Configuration Base Acc Novel Acc HM Description
Full PVA 77.5 71.8 74.5 Full Model
w/o Variational Inference 77.2 69.5 73.2 Changed to deterministic mapping, Novel drops significantly
w/o Separation Mechanism 77.8 68.9 73.1 Processing all samples uniformly, Novel drops substantially
w/o Residual Connection 76.8 70.1 73.3 Novel drops slightly

Key Findings

  • The separation mechanism is the most critical design. Removing the separation mechanism leads to a drop of about 2.9% in Novel Acc, indicating that the "divide-and-conquer" strategy is crucial for addressing the base-novel bias.
  • Variational inference outperforms deterministic mapping, indicating that a probabilistic latent space significantly assists in detecting novel samples.
  • PVA achieves more substantial improvements on novel categories compared to base categories (+2.14 vs +0.02), demonstrating that the method indeed resolves the feature confusion of novel categories.
  • It also performs excellently in cross-dataset transfer (from ImageNet to 10 other datasets), demonstrating the generalization ability of the method.

Highlights & Insights

  • Innovative application of the "divide-and-conquer" concept in zero-shot learning: Explicitly separating confused base and novel samples and processing them individually is simple yet effective, and more direct than attempting to balance base-novel in an end-to-end manner. This strategy can be transferred to other scenarios involving the co-existence of known and unknown categories, such as open-set recognition and continual learning.
  • Variational inference as a novel detector: Ingeniously utilizes the probabilistic modeling capability of variational inference to detect novel samples—having only observed base categories during training, novel samples naturally present different distribution characteristics in the latent space.

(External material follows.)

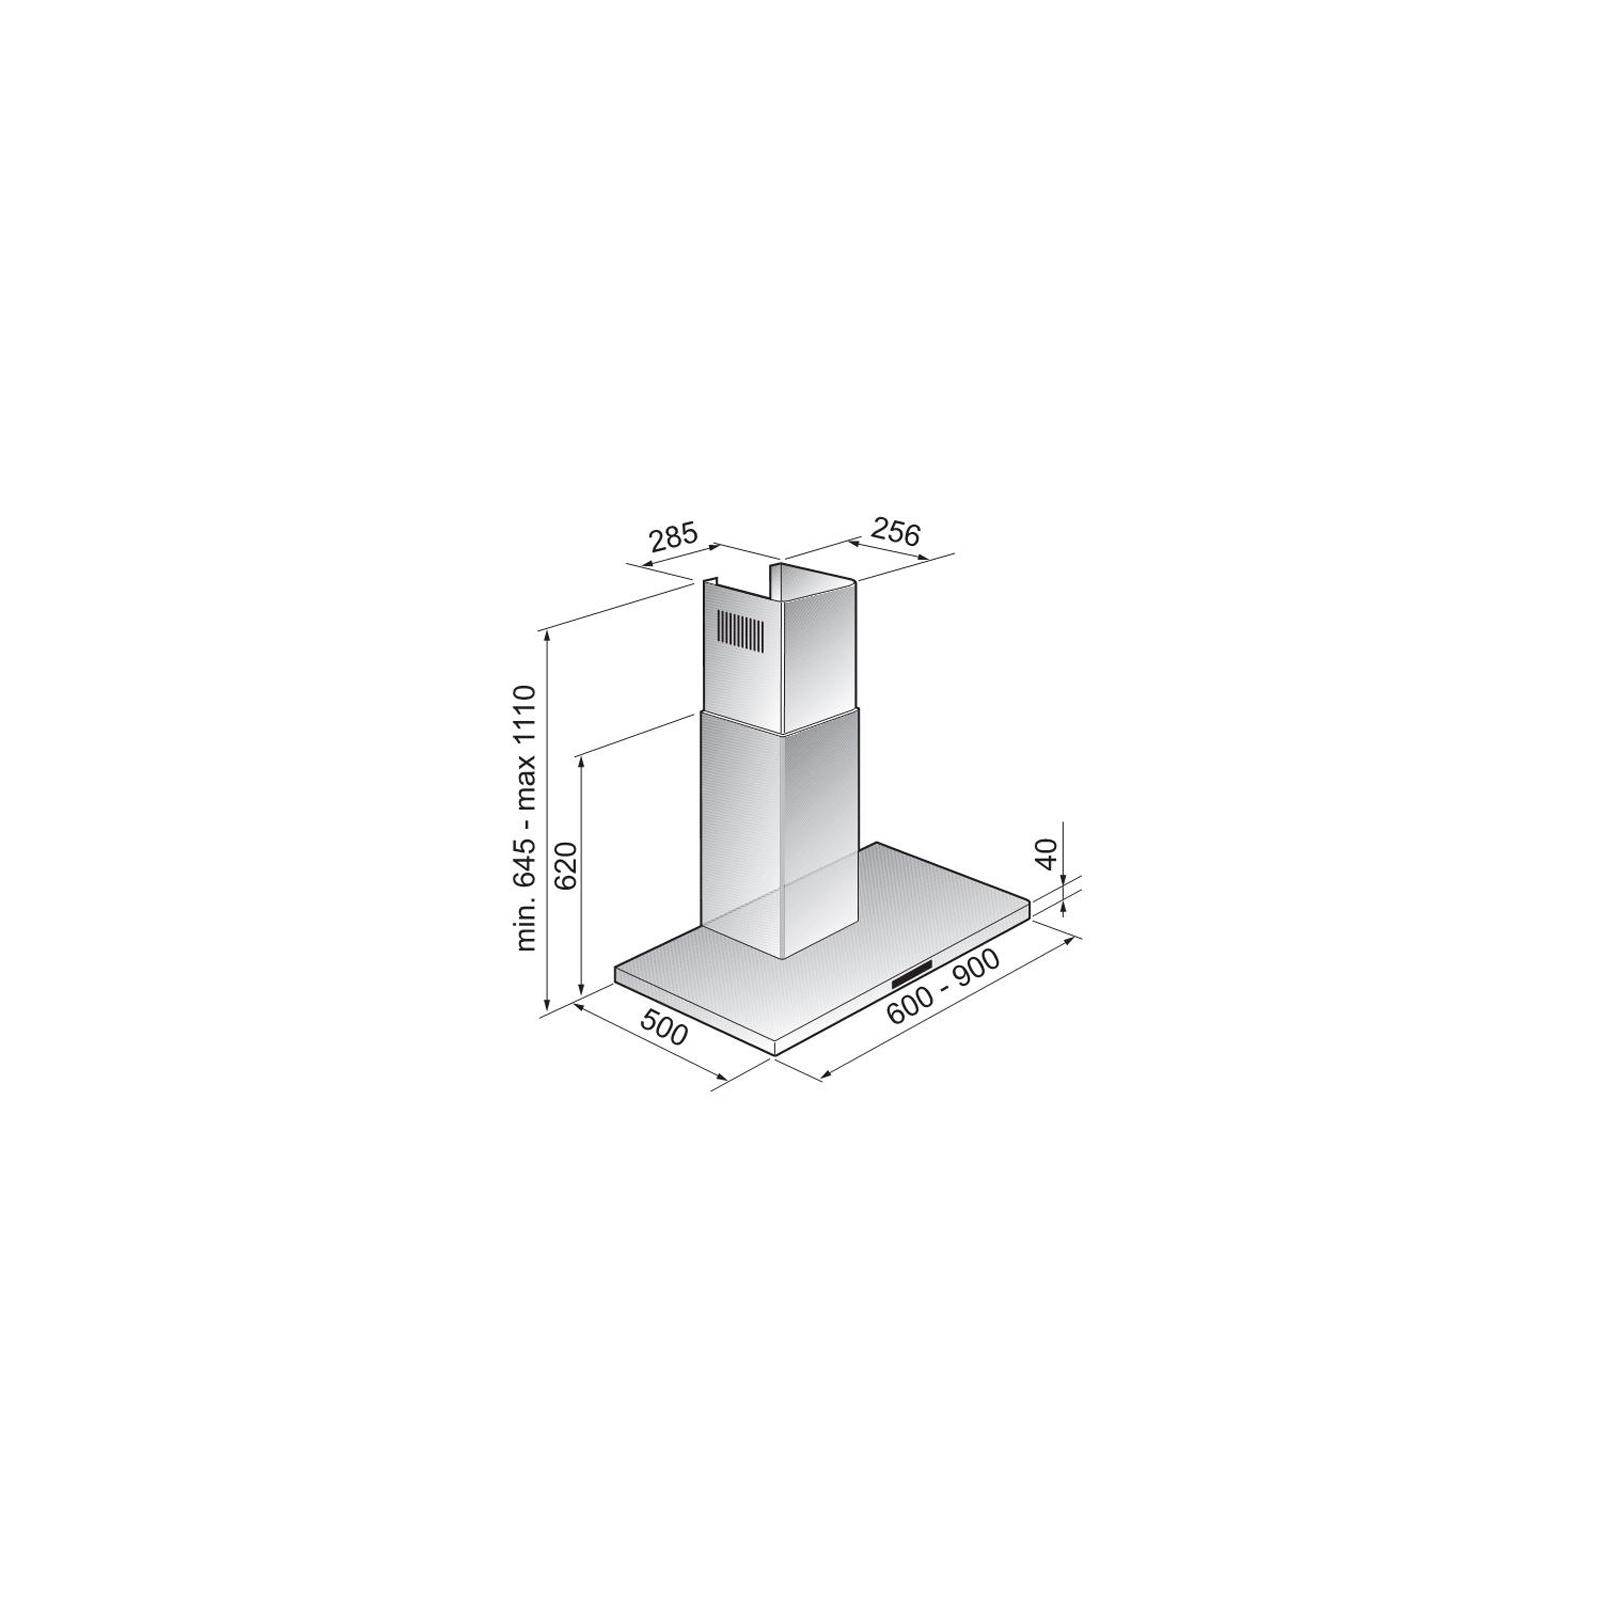 Вытяжка кухонная ZIRTAL KD-SW 60 IX изображение 2

This is more elegant than setting a hard threshold or employing an external OOD detection module.
  • Complementarity with prompt tuning: The core of PVA is not learning better prompts, but learning a better inference strategy (separation + divide-and-conquer), which complements existing prompt tuning methods.

Limitations & Future Work

  • The choice of the separation threshold may require validation set tuning, which might be impractical in fully zero-shot scenarios.
  • The method assumes sufficient distribution differences between novel and base category samples in the latent space, which may fail for highly similar base-novel category pairs.
  • The two variational adapters increase model parameters and training complexity. Although the adapters themselves are lightweight, the sampling process of variational inference may affect inference speed.
  • The evaluation is limited to classification tasks and has not been validated on downstream tasks such as detection or segmentation.
  • vs CoCoOp: CoCoOp enhances generalization by conditioning learnable prompts, but still processes base and novel categories in a unified space. PVA's explicit separation strategy addresses the bias problem more directly.
  • vs PLOT: PLOT uses optimal transport to align textual and visual prompts. PVA employs variational inference for alignment, gaining additional probabilistic separation capabilities.
  • vs Tip-Adapter: Tip-Adapter constructs a cache model as an adapter. PVA's variational adapter learns a more structured representation space.

Rating

  • Novelty: ⭐⭐⭐⭐ The "divide-and-conquer" strategy to solve the base-novel bias is highly novel, and the design of the variational adapter is creative.
  • Experimental Thoroughness: ⭐⭐⭐⭐ Covers both generalized zero-shot learning and cross-dataset transfer scenarios.
  • Writing Quality: ⭐⭐⭐⭐ Clear problem analysis, fully motivated methodology.
  • Value: ⭐⭐⭐⭐ Provides a practical solution to the base-novel trade-off in CLIP fine-tuning.